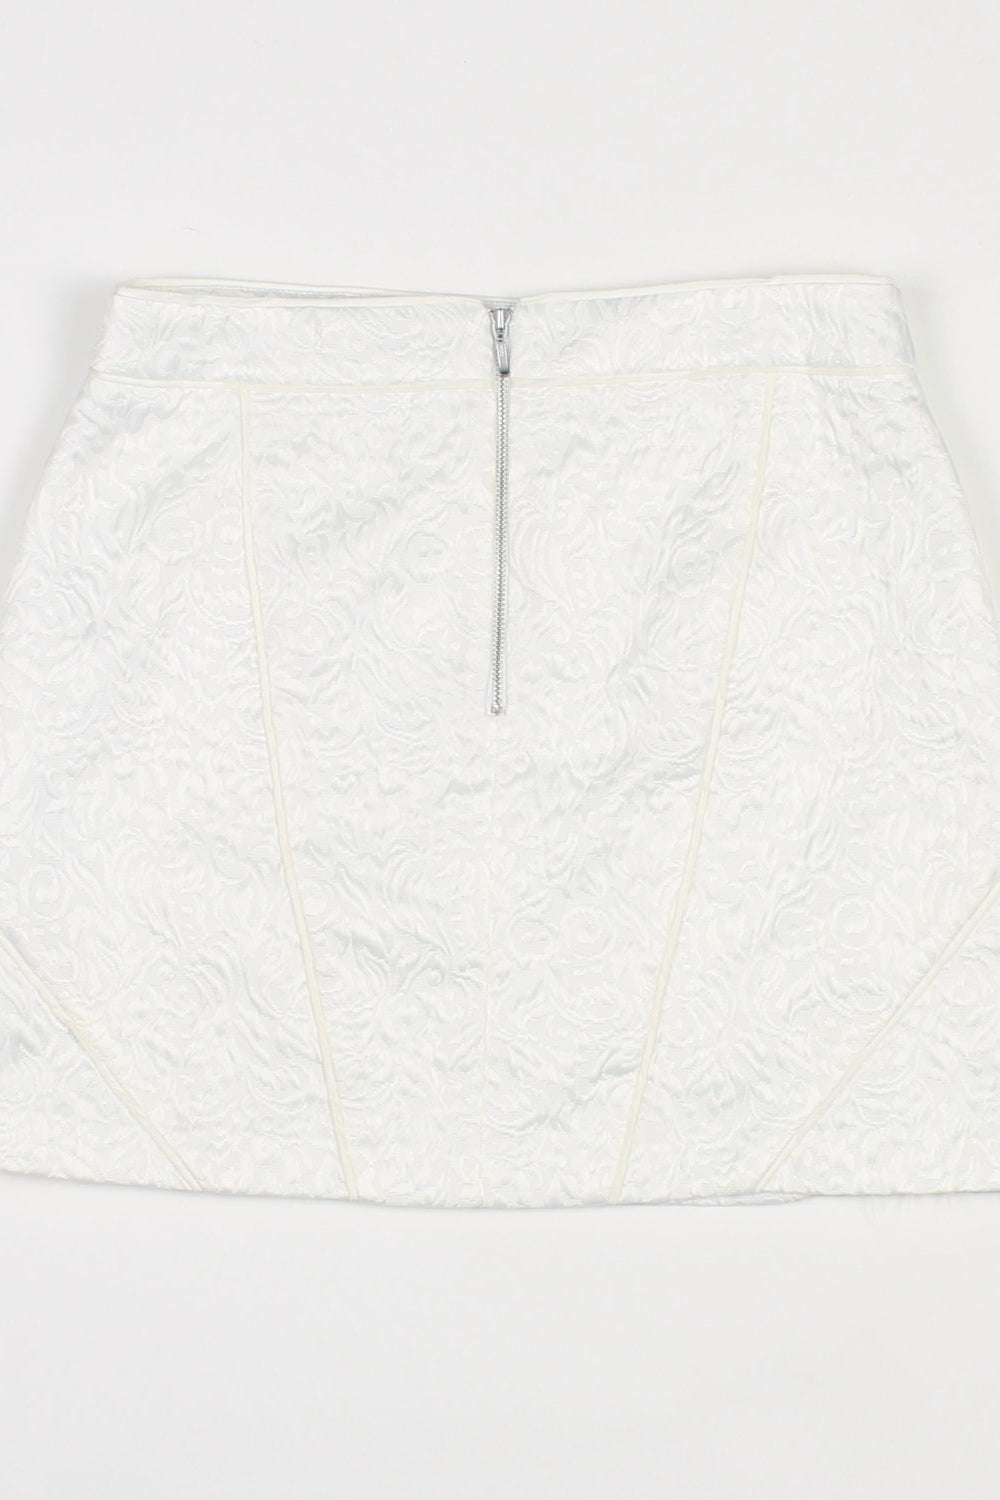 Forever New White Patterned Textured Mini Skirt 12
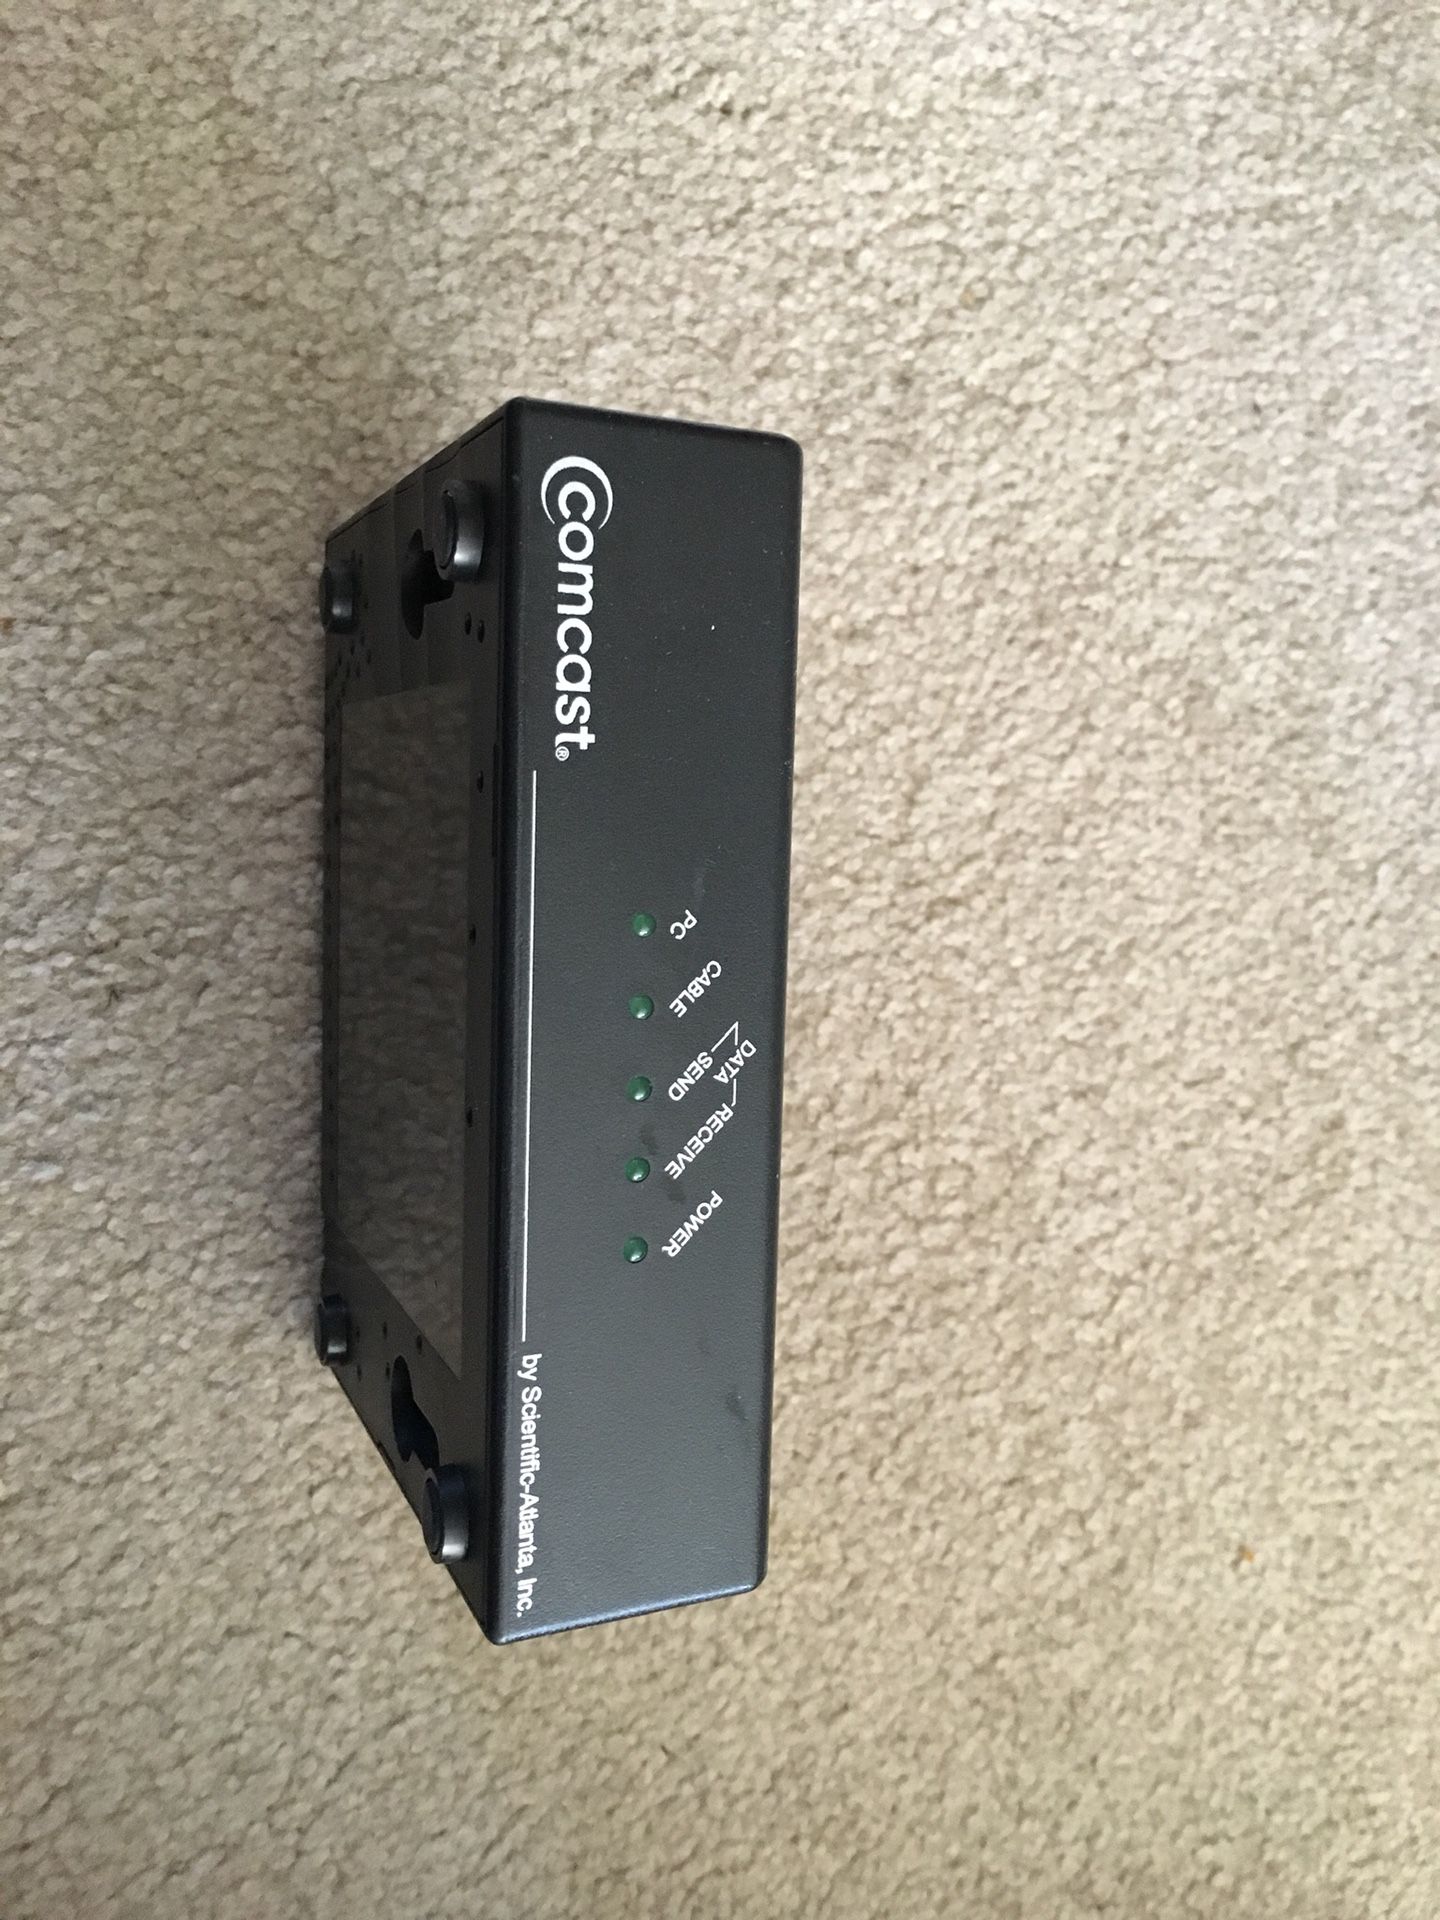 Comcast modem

# # #

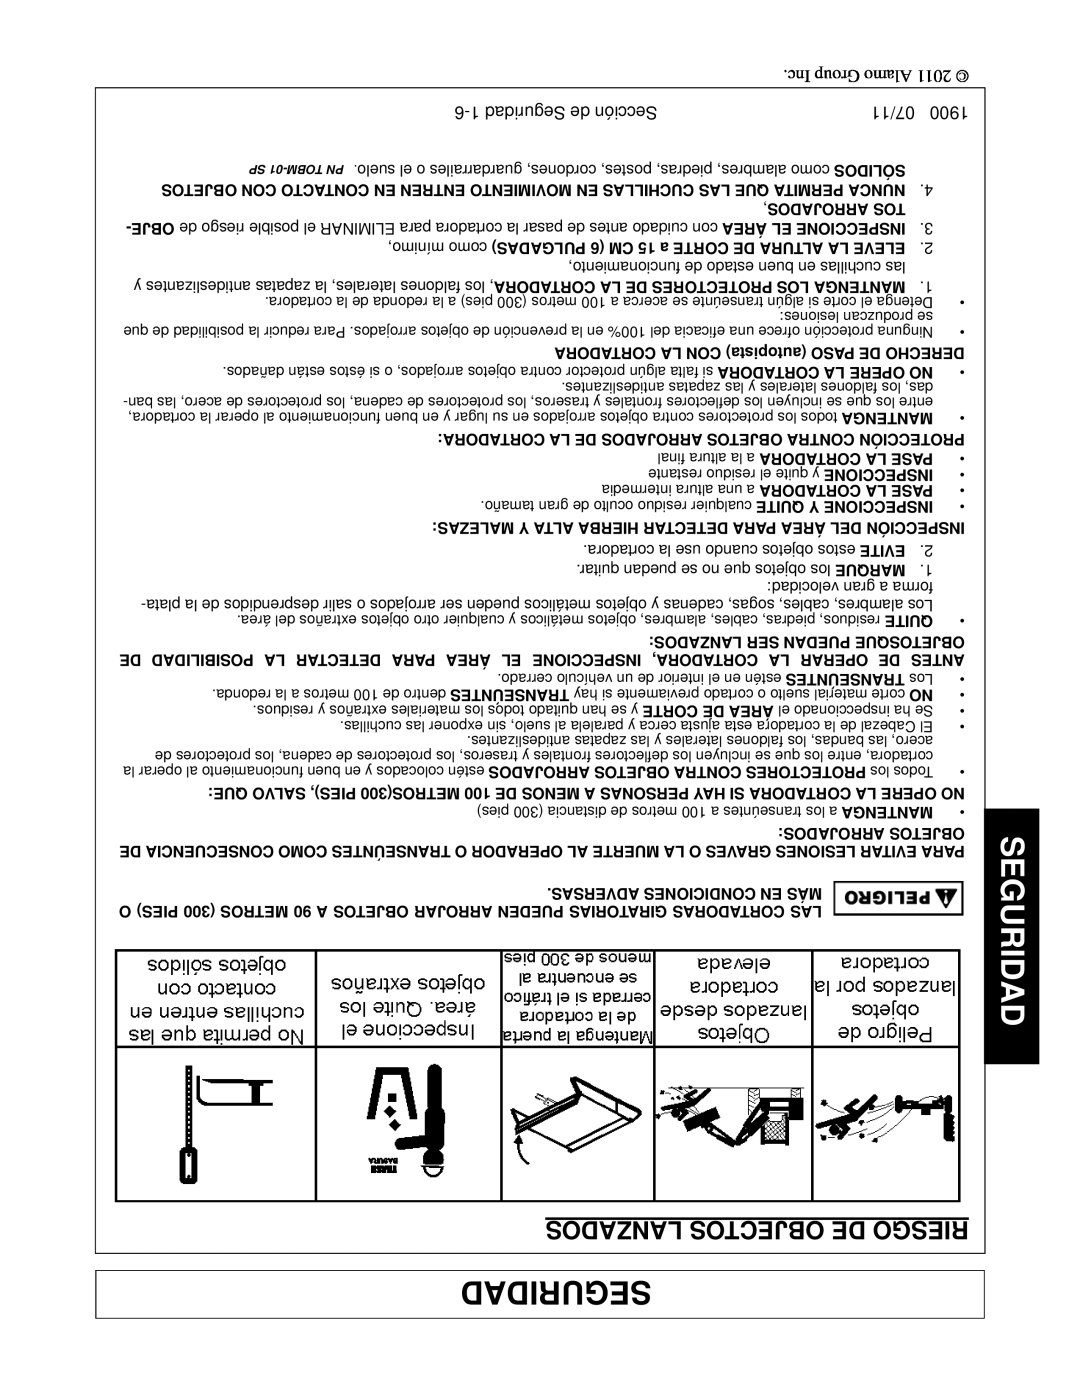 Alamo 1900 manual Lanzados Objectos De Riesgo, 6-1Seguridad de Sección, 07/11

# # #

## [Problem]
In the entries above, find the line that contains "Forever New White" and the line that contains "Comcast modem". Reproduce exactly those two lines and every line between them, but not the pictures.

## [Response area]
 Forever New White Patterned Textured Mini Skirt 12
 Comcast modem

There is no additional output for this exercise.